▶ **The data**:
---+---
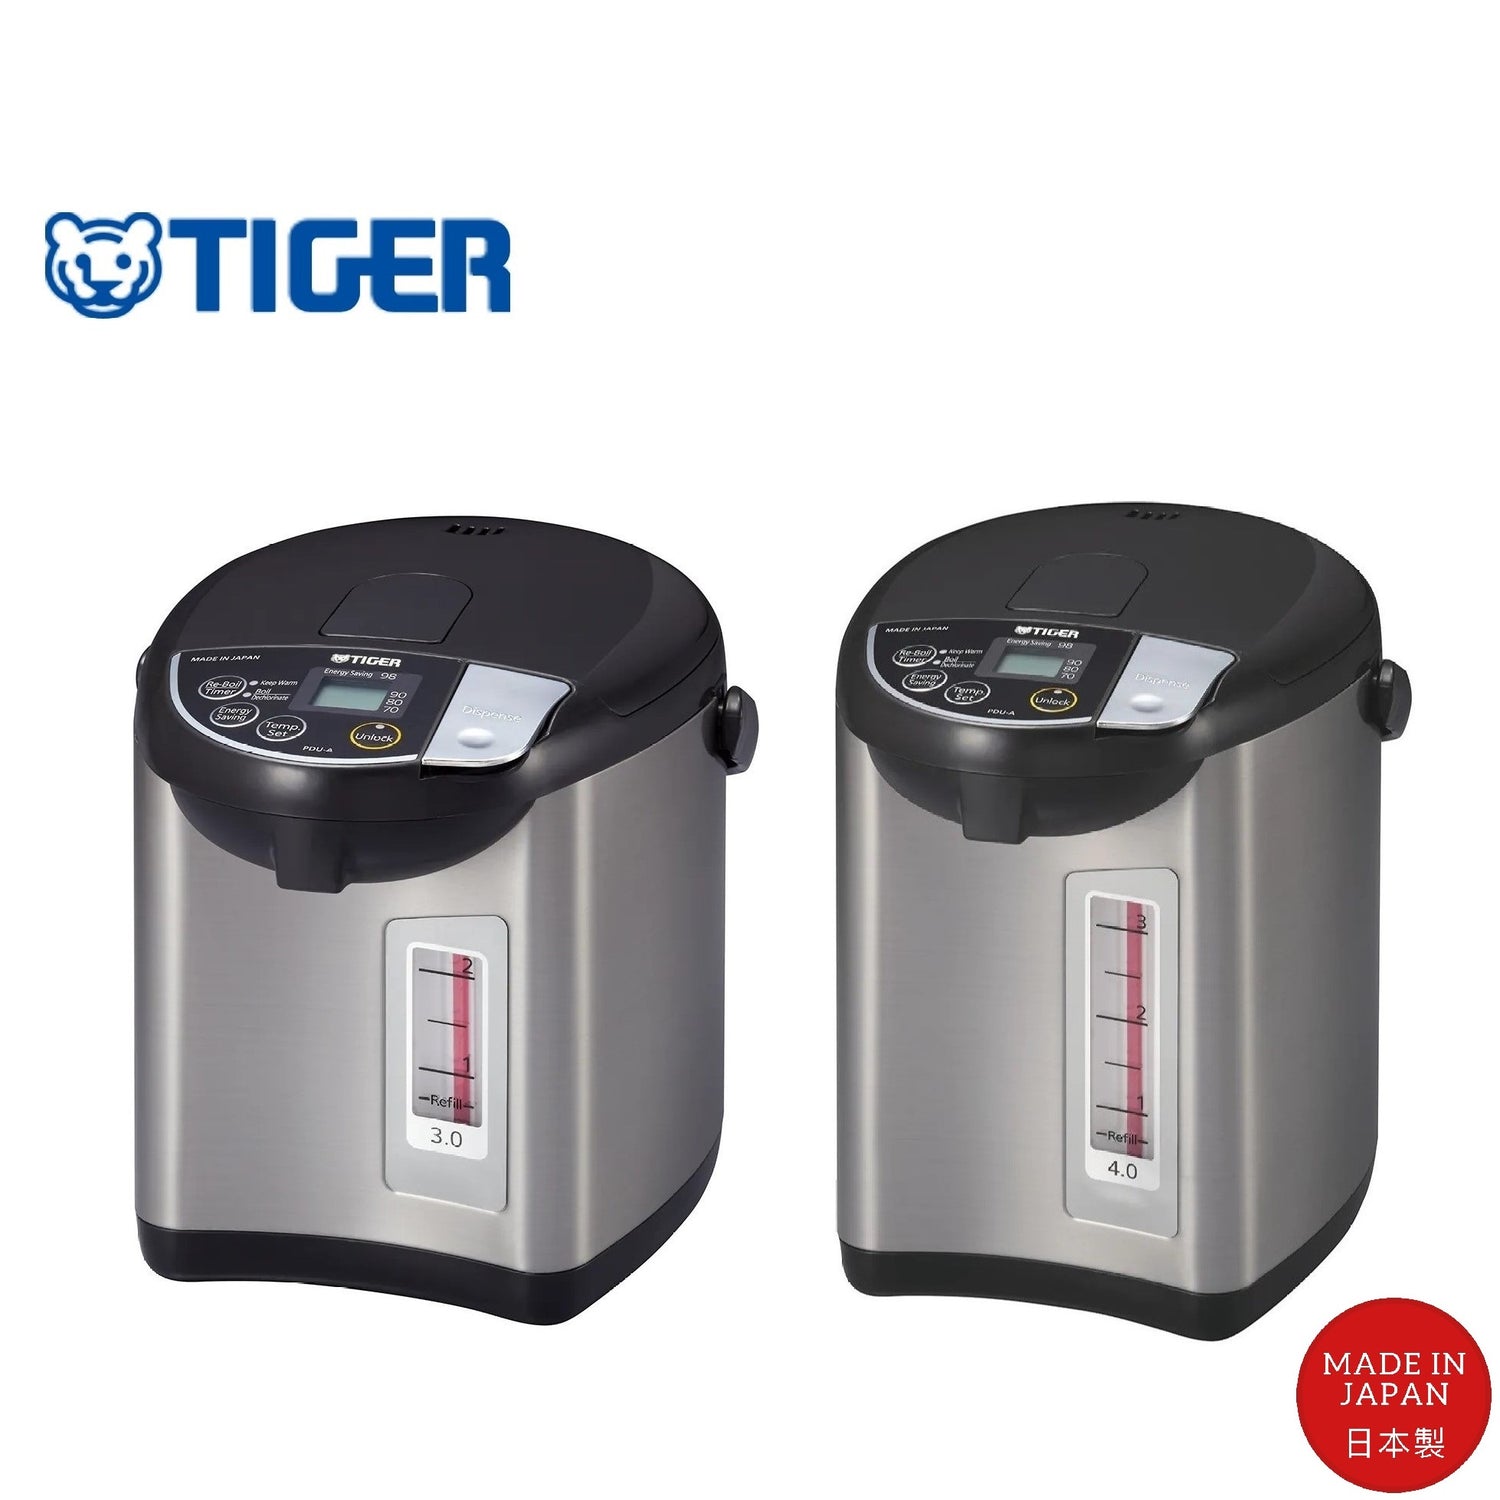 70 Tiger Hot Water Dispenser ideas
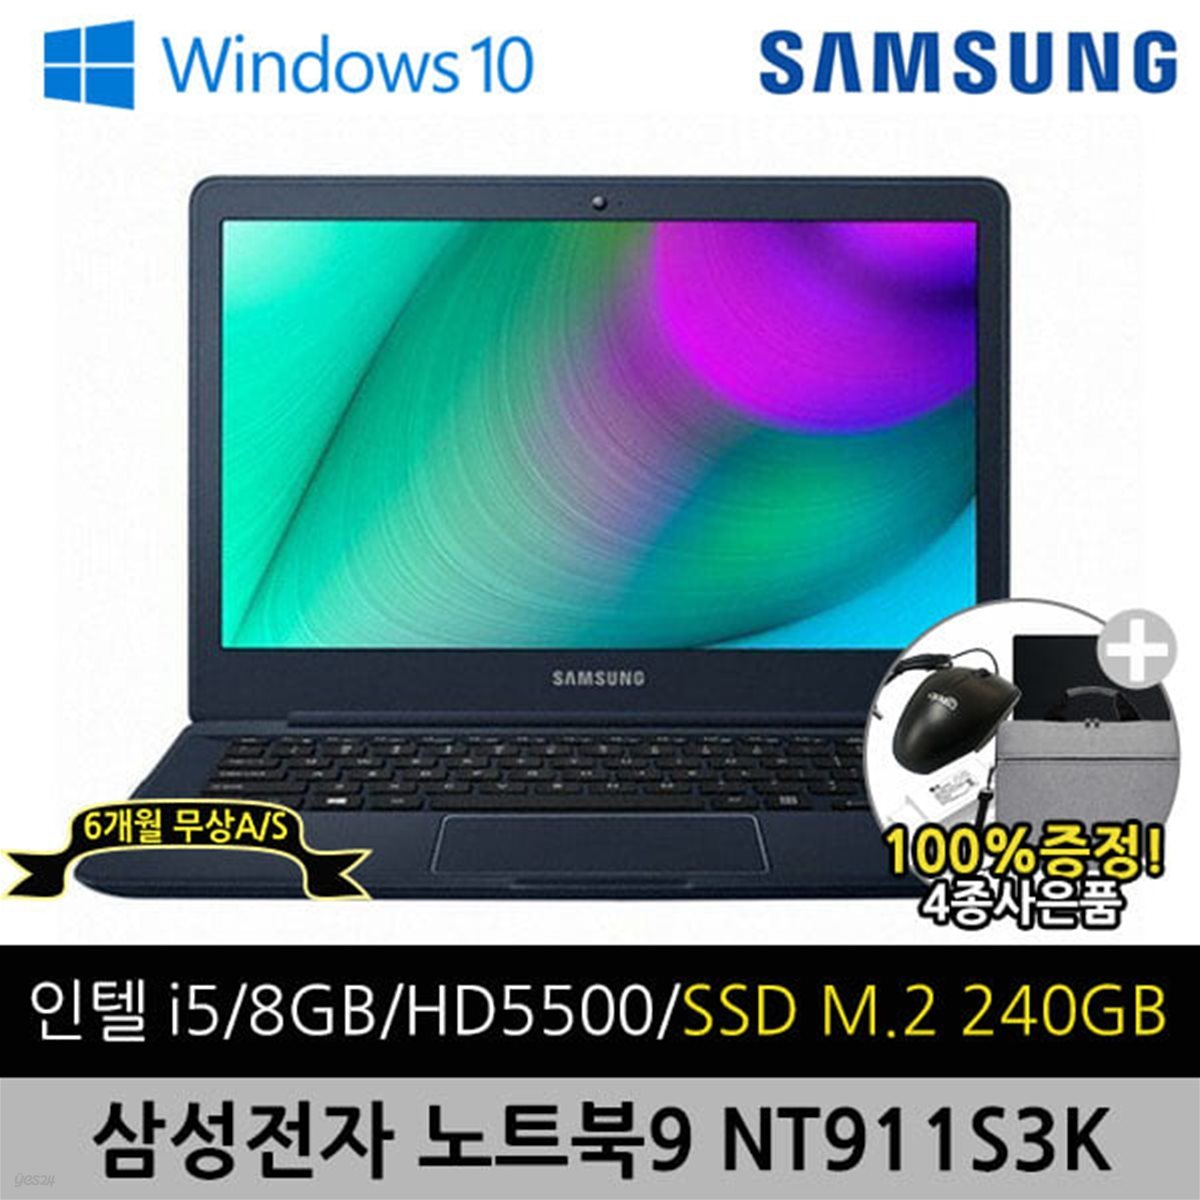 [중고] 삼성 아티브북9 NT911S3K 13.3인치 i5 8G SSD 240G 윈도우10 A+급 리퍼 중고노트북
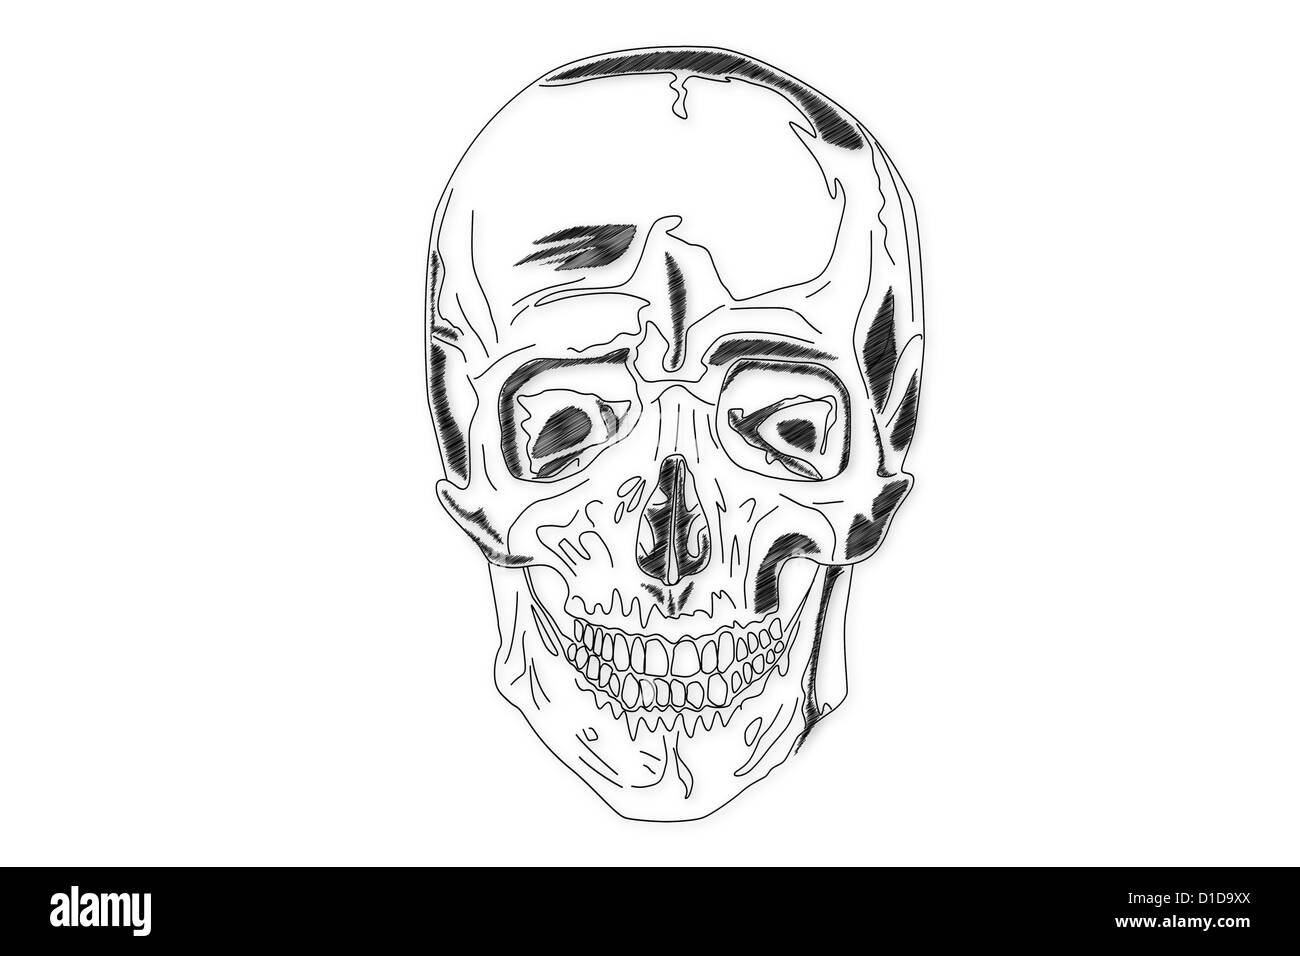 La structure du crâne humain Banque D'Images
---+---
▶ **Goal of the exercise**: Every line above should be transcribed word for word; leave the pictures out.

▶ **Answer to this task**:
 70 Tiger Hot Water Dispenser ideas
 [중고] 삼성 아티브북9 NT911S3K 13.3인치 i5 8G SSD 240G 윈도우10 A+급 리퍼 중고노트북
 La structure du crâne humain Banque D'Images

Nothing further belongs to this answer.